DIRECTIONS FOR THIS TASK: In the entries below, which lines run from the one with "Lot 157 - A" through the one with "Game 'God of"? Repeat exactly those, both included, and no pictures.
***** DATA SUPPLIED *****
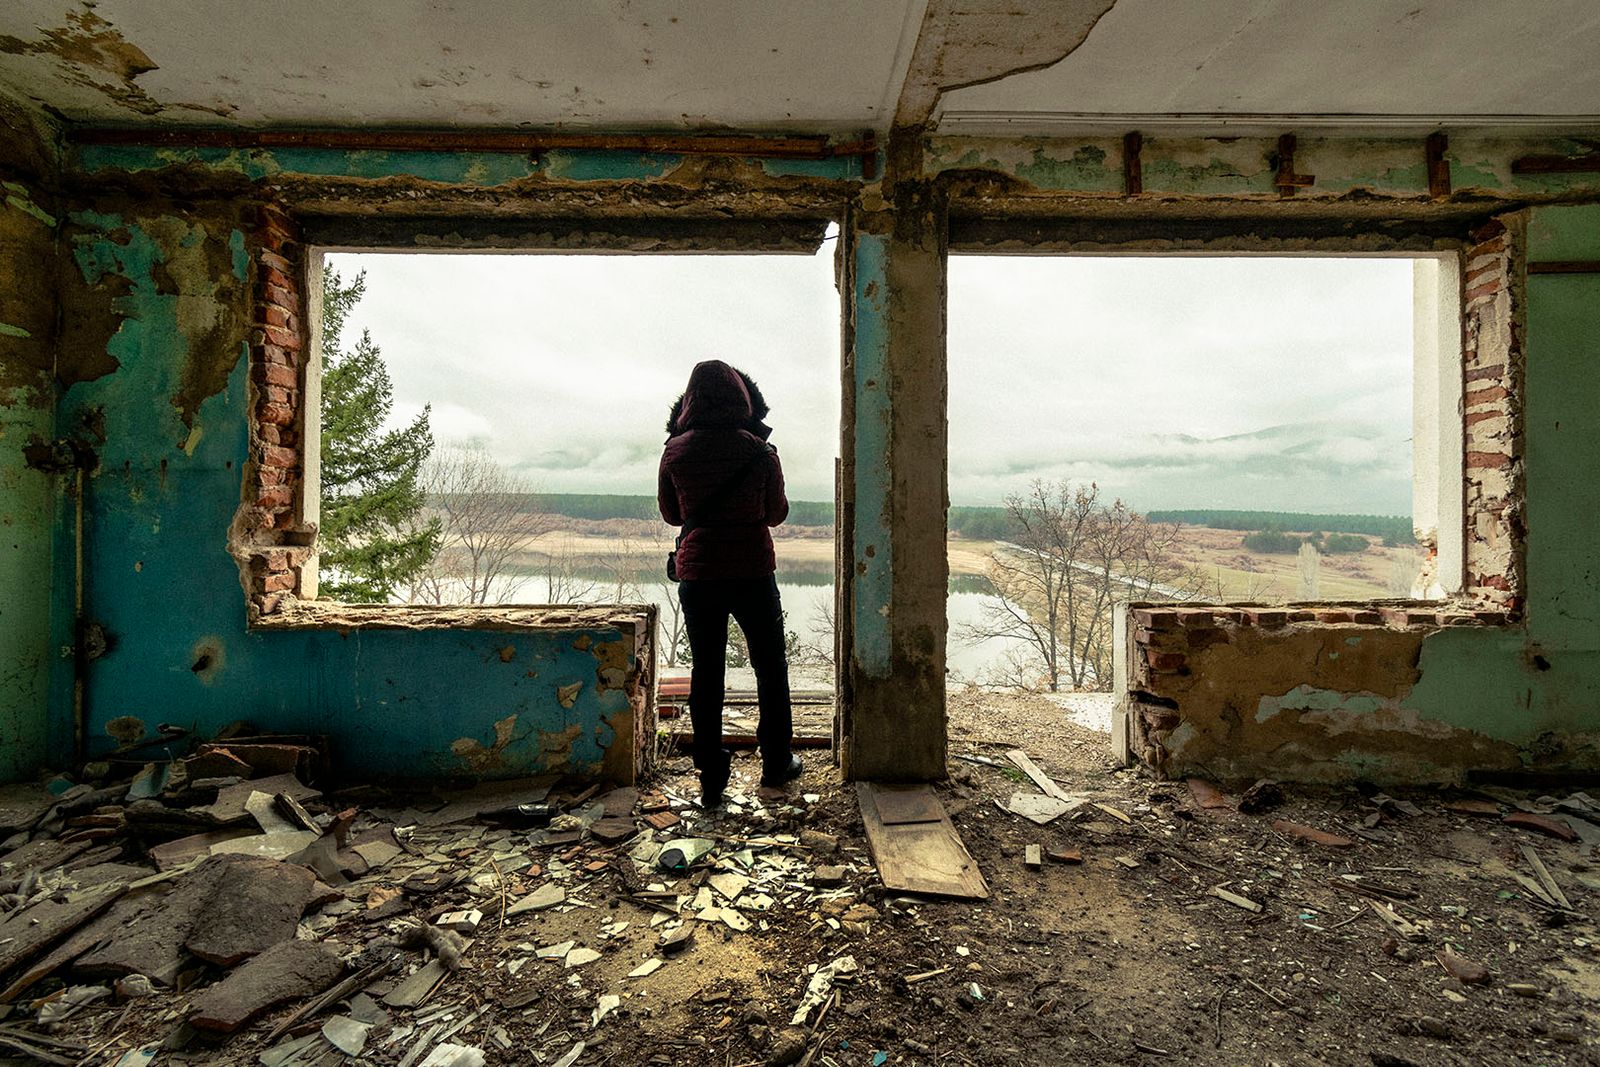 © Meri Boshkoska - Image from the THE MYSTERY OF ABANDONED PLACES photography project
*****
***** DATA SUPPLIED *****
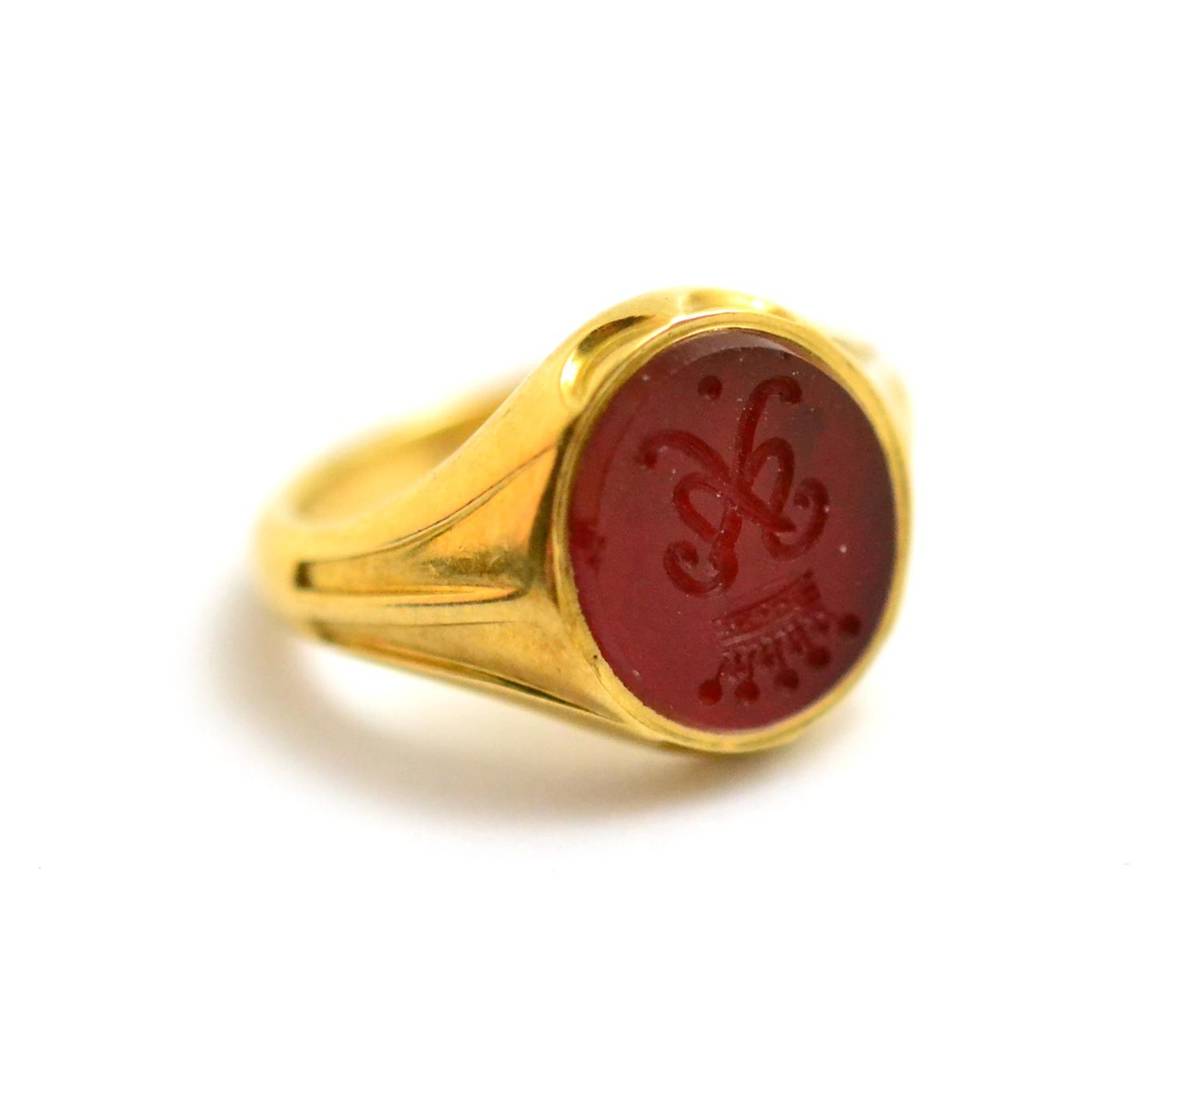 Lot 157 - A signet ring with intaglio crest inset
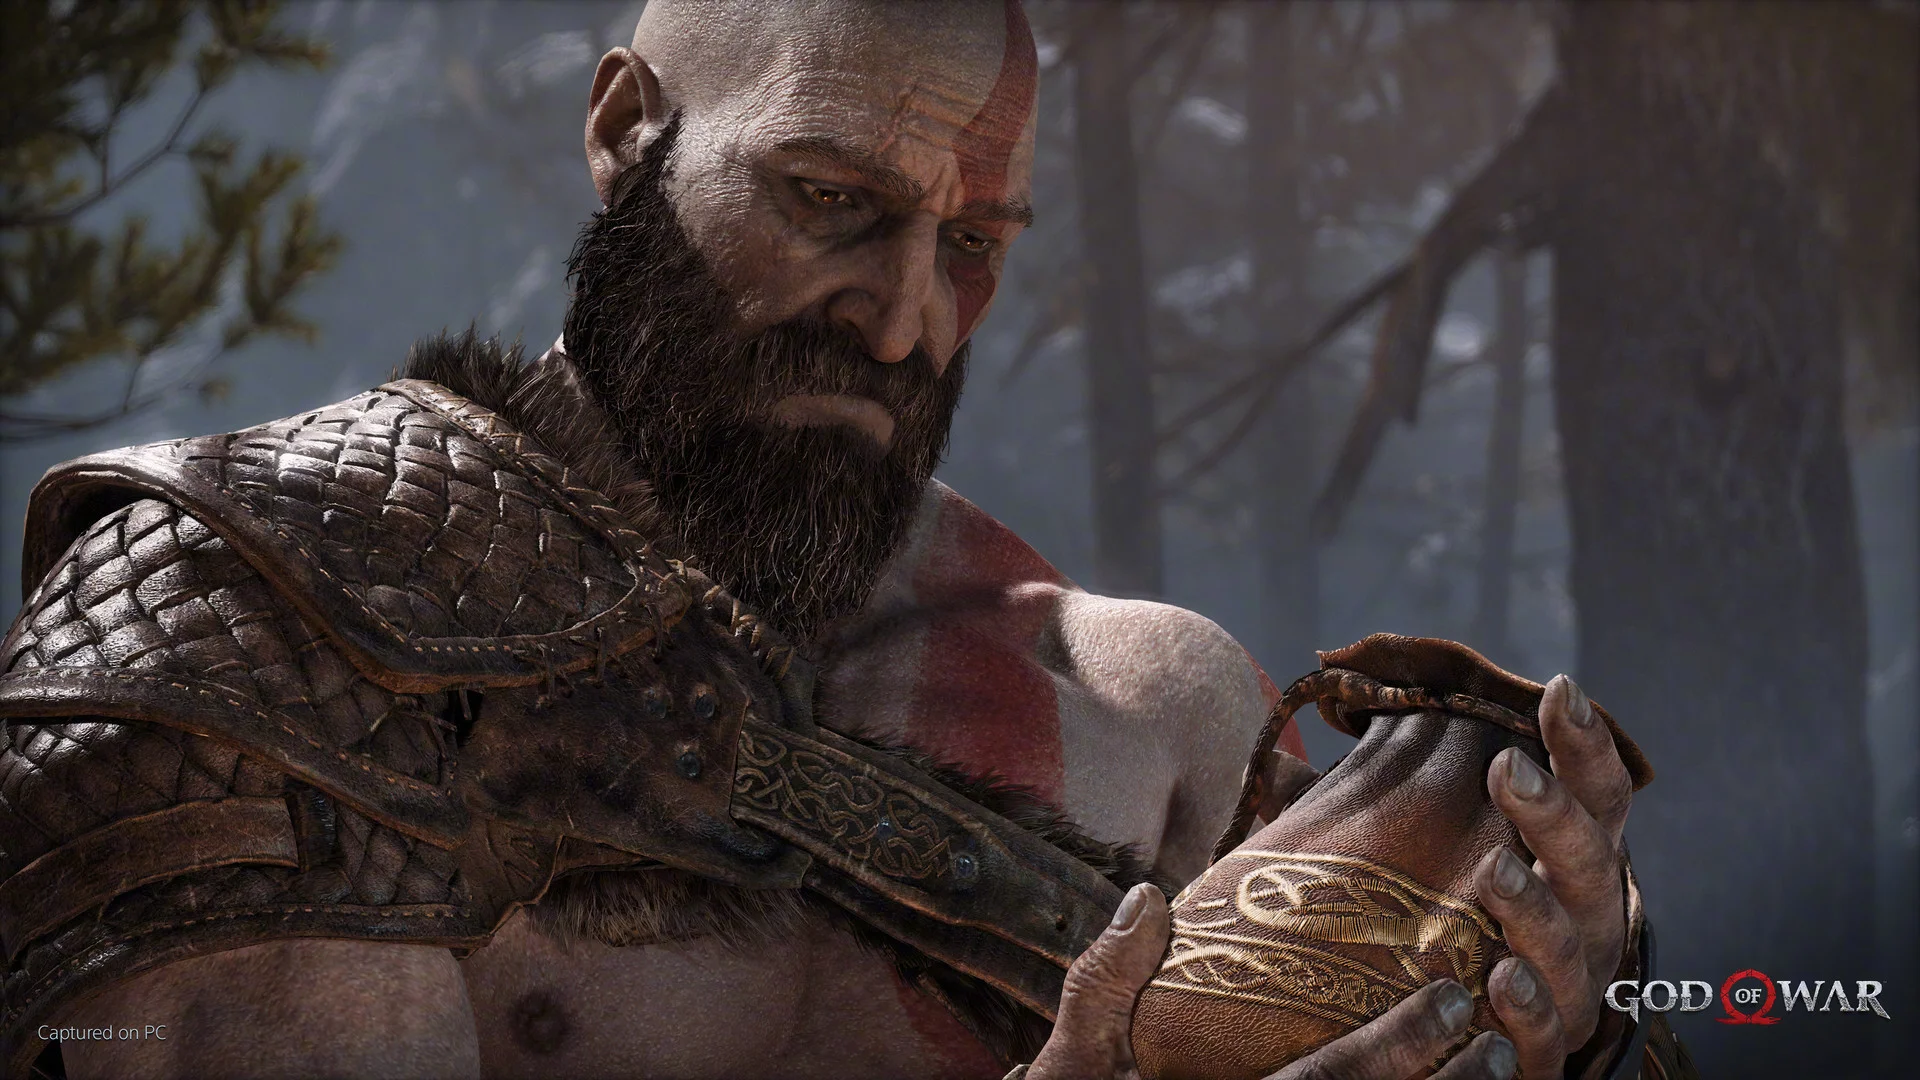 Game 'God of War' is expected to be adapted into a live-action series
*****
TASK OUTPUT:
 Lot 157 - A signet ring with intaglio crest inset
 Game 'God of War' is expected to be adapted into a live-action series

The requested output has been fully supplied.